Schedule 3 advertising guidelines
Guidelines for brand advertising of substances included in Schedule 3 of the Poisons Standard
These guidelines describe the process for determining whether a substance in Schedule 3 of the SUSDP may be advertised.
A person must not include in any advertisements, except those in genuine professional or trade journals to healthcare professionals or the wholesale therapeutic goods trade, any reference to a substance included in Schedule 3 of the SUSDP, unless the substance is listed also in Appendix H to the SUSDP (see Paragraph 32 Part 3 SUSDP) and Regulation 6(1)(e) of the Therapeutic Goods Regulations.
After the NDPSC decides whether a substance is appropriate for inclusion in Schedule 3, using the NDPSC Guidelines which set out the criteria applying for this determination, the NDPSC will then consider whether it is appropriate to advertise to the public preparations containing that substance.
If the NDPSC approves the advertising of the substance, the substance is included in Appendix H to the SUSDP.
The NDPSC may also consider an application to amend the SUSDP by adding to Appendix H a substance already in Schedule 3.
In making a decision, as to whether a substance included in Schedule 3 of the SUSDP may be advertised to the public, the NDPSC will consider the following matters: -
- The potential public health benefit. It is acknowledged it may not always be possible to present data to quantify the extent of any claim of public health benefit. In such circumstances, qualitative data may be acceptable. For example, matters which may be considered might include more appropriate use of scarce health resources, a better informed community, and matters related to decreasing risk of injury due to fewer side effects;
- The likelihood of advertising of the substance leading to inappropriate patterns of medication use;
- The wider regulatory system through both the Therapeutic Goods Advertising Code Council and the therapeutic goods registration process;
- The provisions of the Therapeutic Goods Advertising Code (TGAC) that apply to all brand advertisements, specifically the provisions on:
- the Objects of the Code, Clause 1; Compliance and Application, Clause 3; and Principles, Clause 4;
- the representations listed in Part 1 of Appendix 6 that are prohibited under Regulation 6(1)(a) and item 1, Part 1, Schedule 2, Therapeutic Goods Regulations;
- the restricted representations listed in Part 2 of Appendix 6;
- Whether the application may result in the advertising of goods for an indication other than those included in the Australian Register of Therapeutic Goods (see the note below on how this is an offence under Section 22(5) of the Therapeutic Goods Act 1989);
- The responsibility of pharmacists to be actively involved in the supply of substance(s) included in Schedule 3 of SUSDP;
- Available consumer medicine information;
- The level of patient education necessary to ensure correct use;
- The desire of consumers to manage their own medication; and
- The requirement under Clause 6.2(e) of the TGAC to include words to the effect of:
- "Your pharmacist's advice is required"
Although requests for Schedule 3 advertising will be submitted by sponsors who intend to advertise products containing Schedule 3 substances, the NDPSC will consider the advertising of substances included in Schedule 3 of the SUSDP, not of individual products.
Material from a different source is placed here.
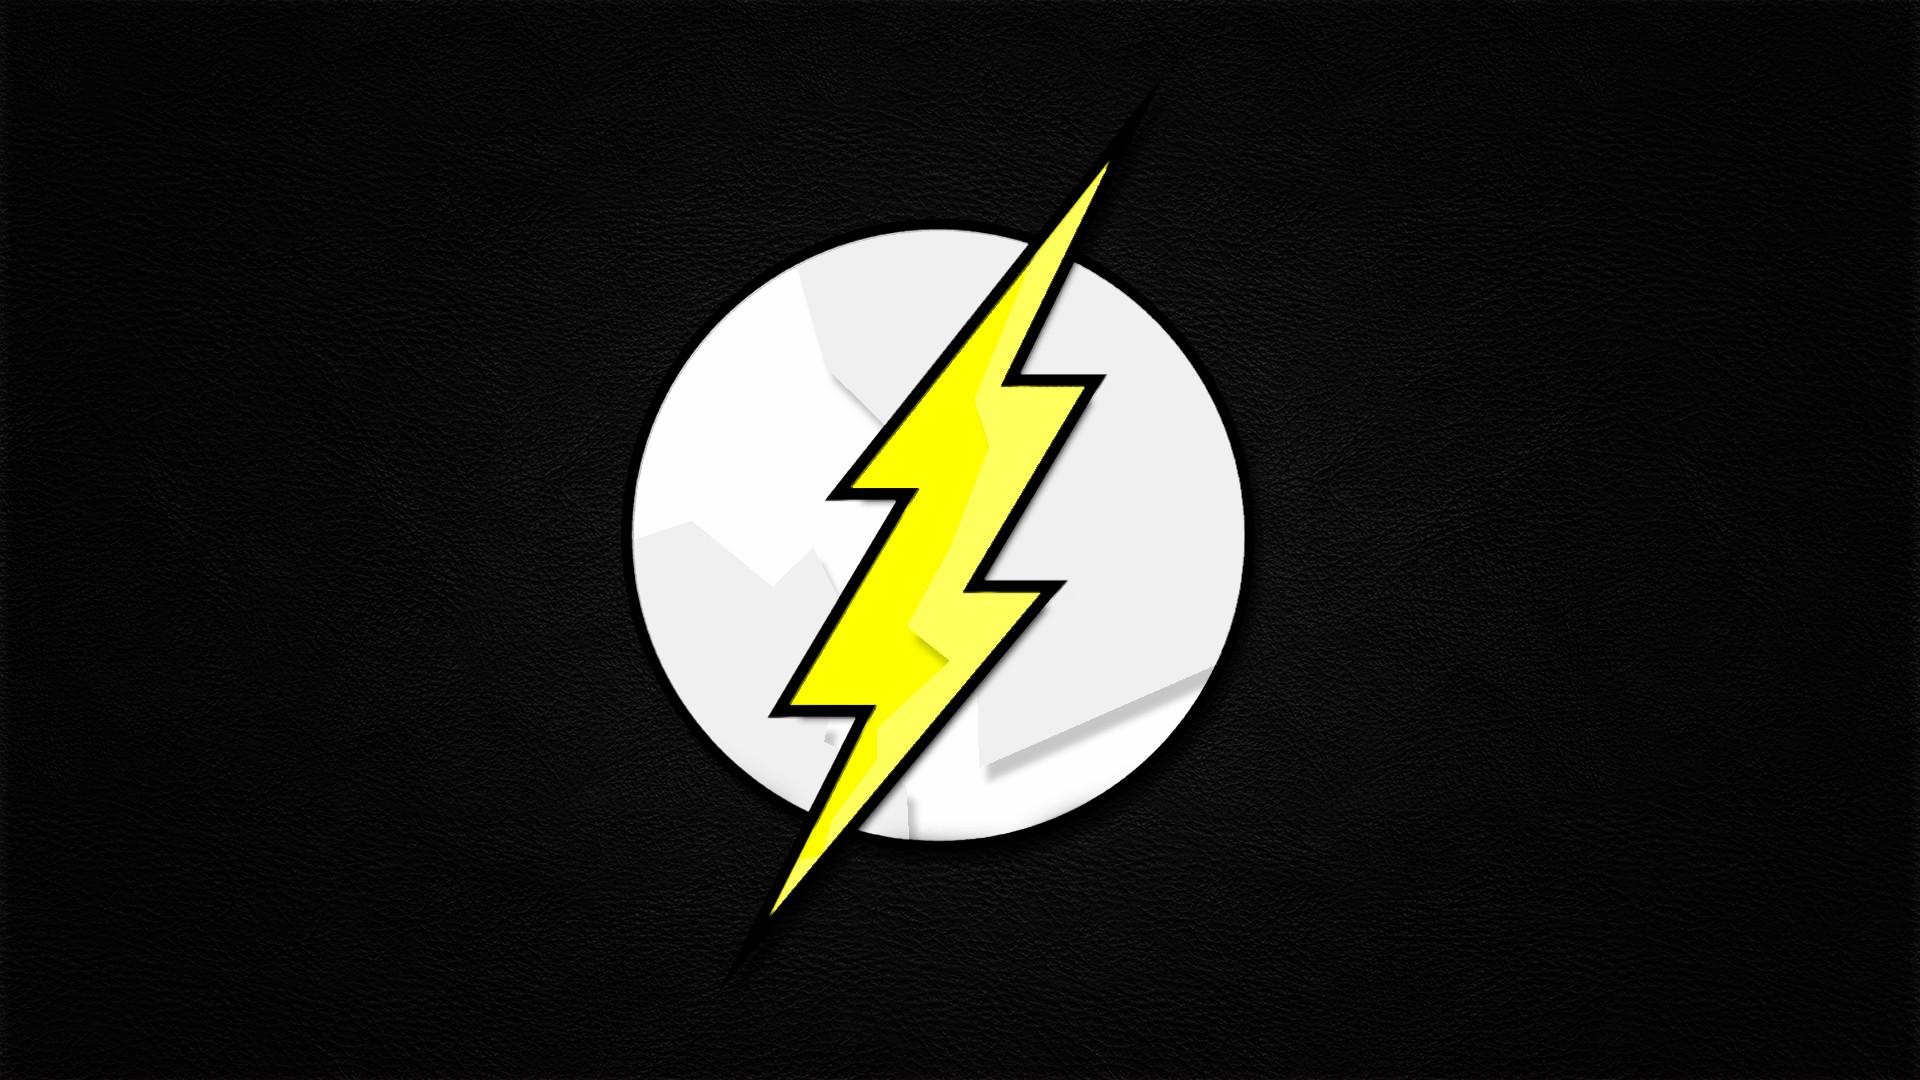 Comicsics The Flash logos Flash superhero wallpaper background 1920x1080

Sponsors applying for the inclusion of Schedule 3 substances in Appendix H should provide information to address the matters to be considered by the NDPSC as outlined above.
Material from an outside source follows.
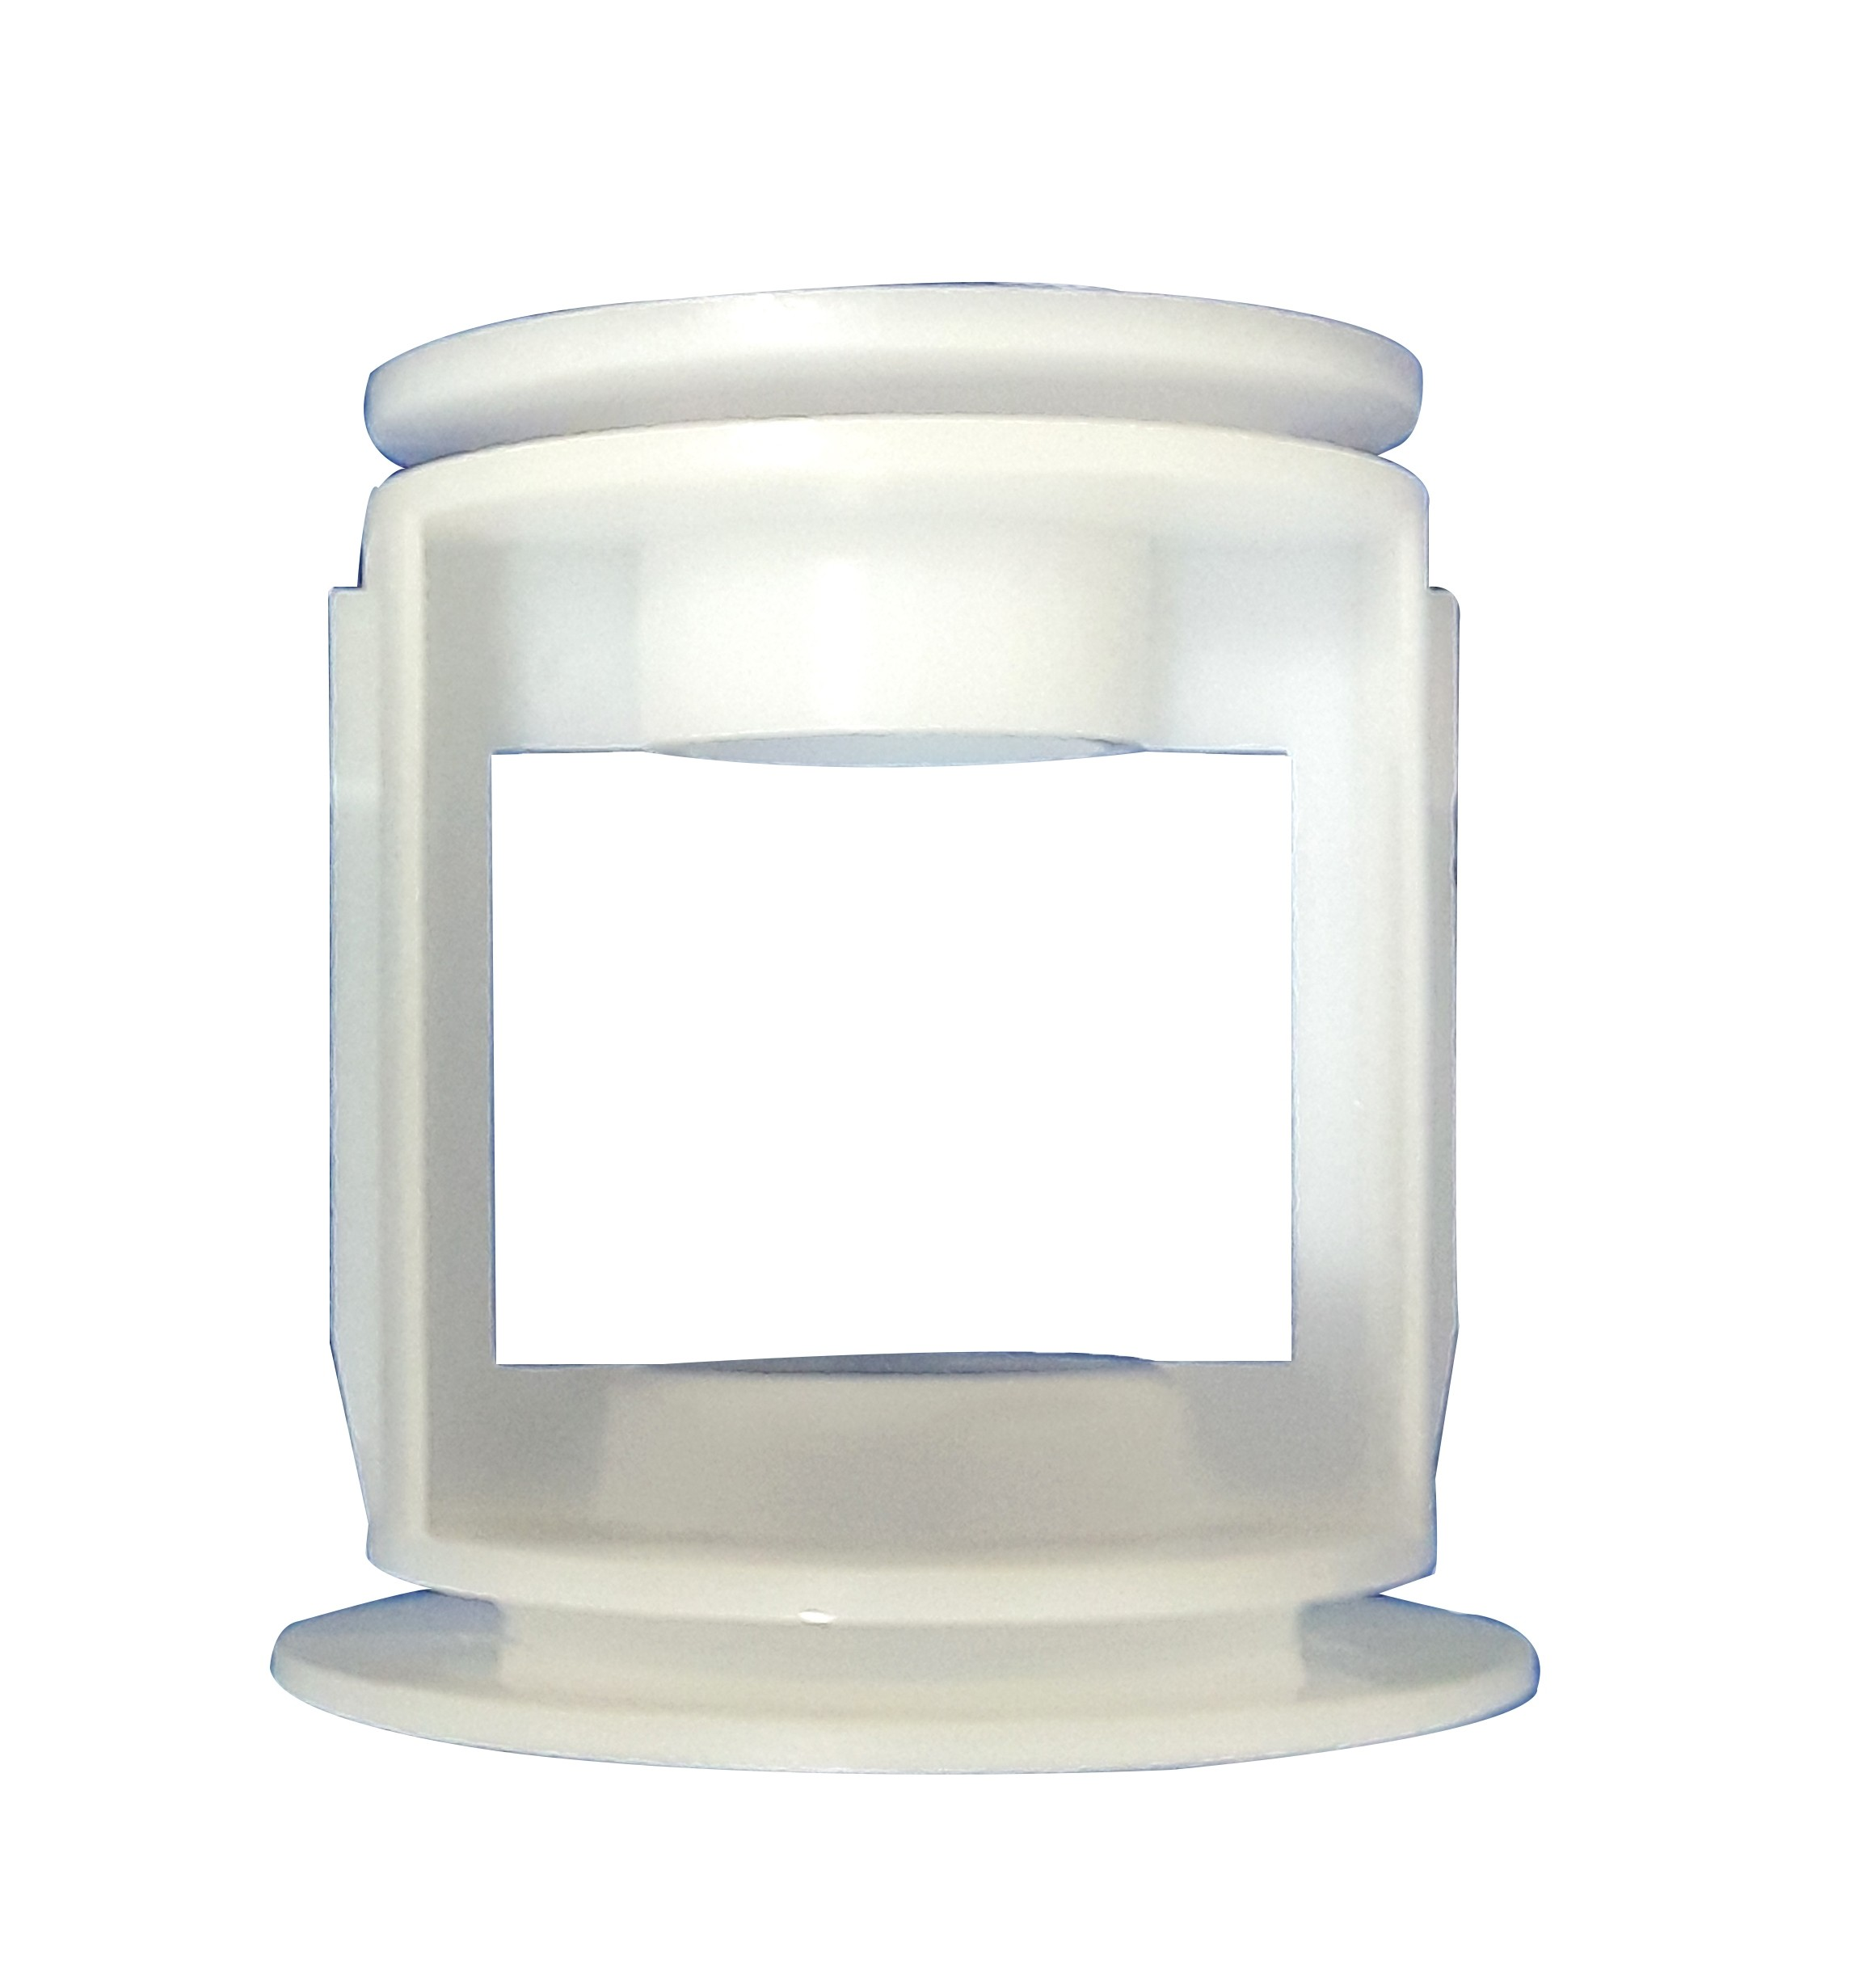 802426P, Assy Lid W/Filter Insert Pkg

Please note that sponsors making a submission in regard to a substance where a Schedule 3 classification may be an outcome are invited to provide additional comments on inclusion of the substance in Appendix H. Inclusion in Appendix H will be a consequential consideration of the NDPSC following a decision to include a substance in Schedule 3.
Some advertisements for products must be approved even though the substance is listed in Appendix H of the SUSDP. SUSDP does not deal with these applications. See Appendix 3 of the TGAC for details of the advertising clearance process.
Advertising off label indications
Section 22(5) of the Therapeutic Goods Act 1989 requires that:
... the sponsor of therapeutic goods that are included in the Register, must not, by any means, intentionally or recklessly advertise the goods for an indication other than those accepted in relation to the inclusion of the goods in the Register.
Sponsors convicted of breaching this provision face significant penalty. Companies could be fined up to $33 000.